Groundwater & Land Value: Highlights from the 2026 National Land Conference

Andrew Vandekop presenting “Groundwater & Land Value” breakout session at the 2026 National Land Conference hosted by the Realtors Land Institute.

A couple of weeks ago, I had the opportunity to speak at the 2026 National Land Conference hosted by the Realtors Land Institute. I led two breakout sessions titled:

“Groundwater & Land Value: What Every Ranchland Agent Should Know.”

We talked about something that doesn’t always get enough attention in rural transactions:

Water drives value.

Andrew Vandekop addressing ranchland agents during breakout session at the 2026 National Land Conference

Water Determines Highest and Best Use

In ranchland and rural real estate, water often determines whether a property can move from potential to performance.

It affects:

  • Stocking capacity
  • Development feasibility
  • Financing confidence
  • Long-term resilience

Without dependable water, the rest of the plan doesn’t matter.

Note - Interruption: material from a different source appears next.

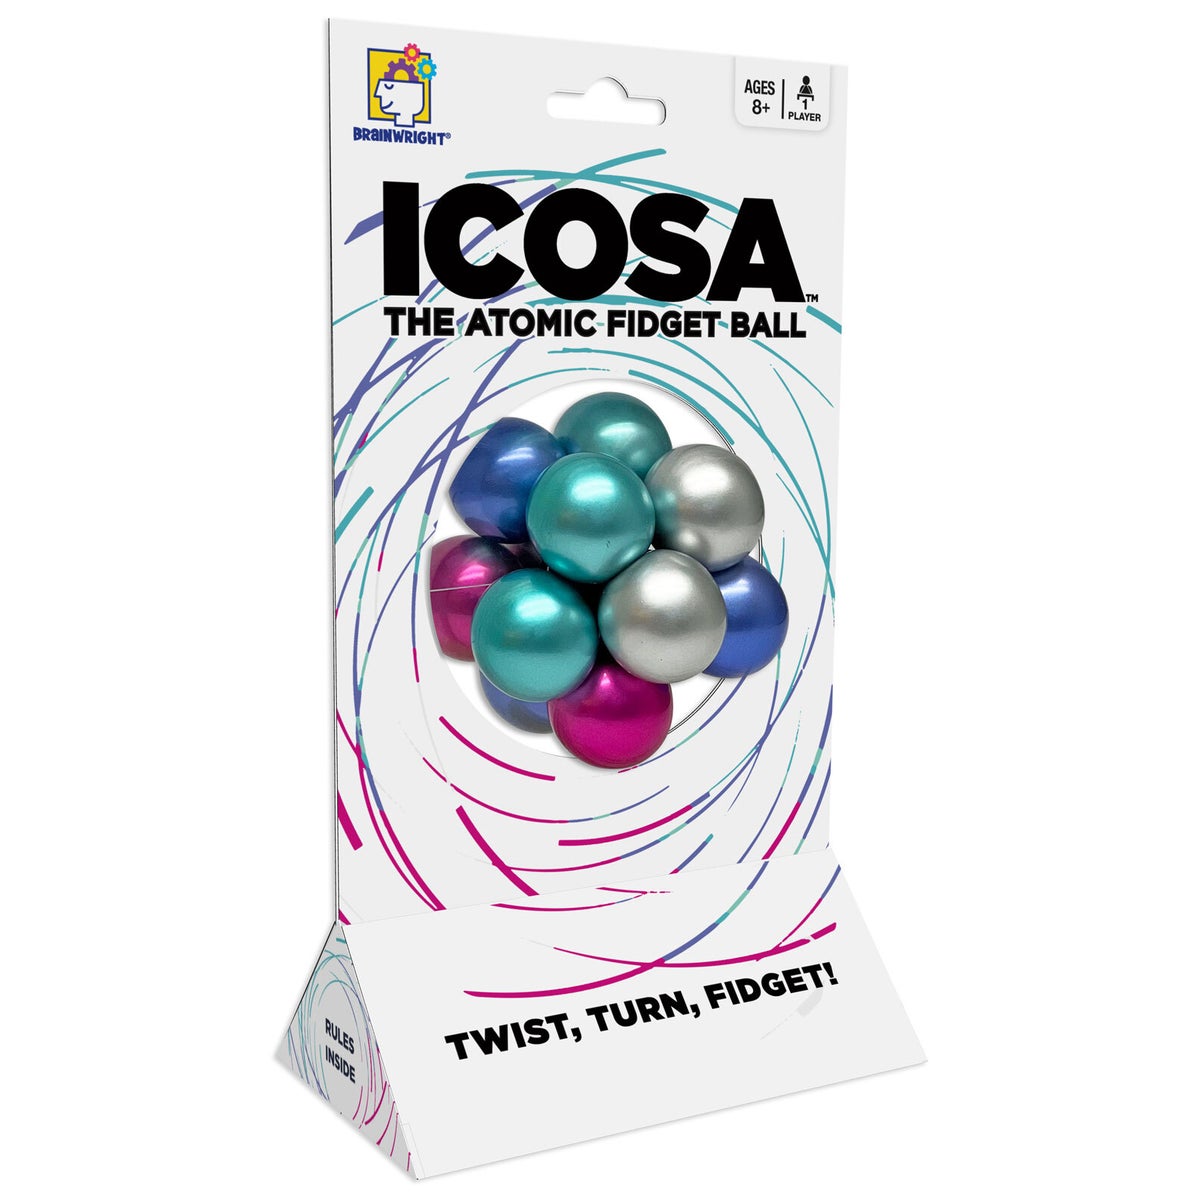 ICOSO - ICE (4) ENG

Understanding Rural Water Sources

We walked through the primary water sources agents encounter in transactions:

  • Municipal connections
  • Private water wells
  • Surface water
  • Rain capture systems
  • Stock tanks and playa ponds

Each one carries a different risk profile.

A creek on a map doesn’t guarantee year-round flow. A nearby well doesn’t guarantee production. Municipal access may solve one issue but limit another.

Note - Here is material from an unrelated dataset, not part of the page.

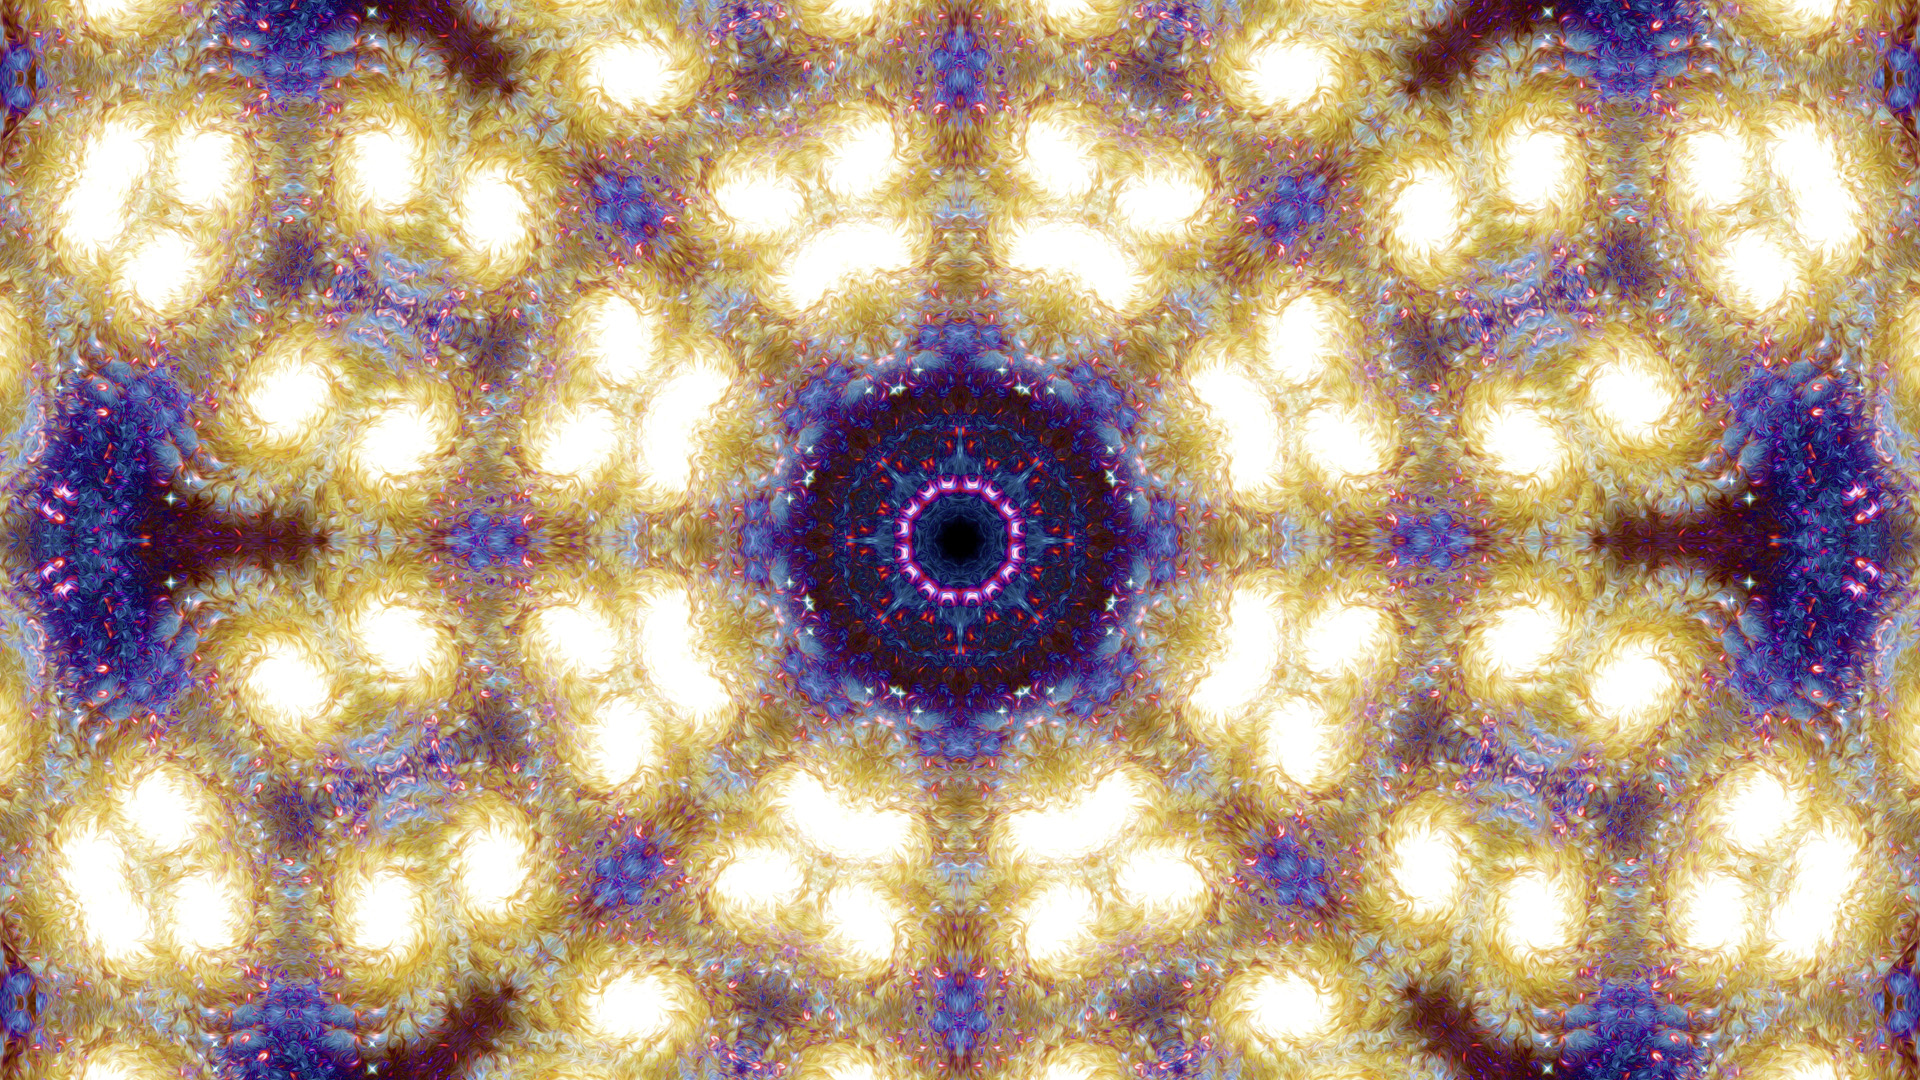 Artistic Manipulation Digital Art Abstract Mandala Space Energy Pattern 1920x1080

The key takeaway: proximity is not certainty.

Water Risk Is Local

One of the most important discussions centered on variability.

Aquifer depth, production rates, and recharge can shift significantly within short distances. What works on one tract may not work a few hundred yards away.

Agents who understand groundwater variability are better positioned to guide buyers and protect sellers.

Reducing uncertainty reduces friction in a deal.

Water Creates Opportunity

Reliable groundwater can:

  • Expand ranching capacity
  • Support subdivisions
  • Increase drought resilience
  • Strengthen long-term land value

In many cases, visibility into groundwater turns speculation into strategy.

That’s the shift we’re seeing across the industry.

Water is no longer an afterthought in land transactions, it’s foundational infrastructure.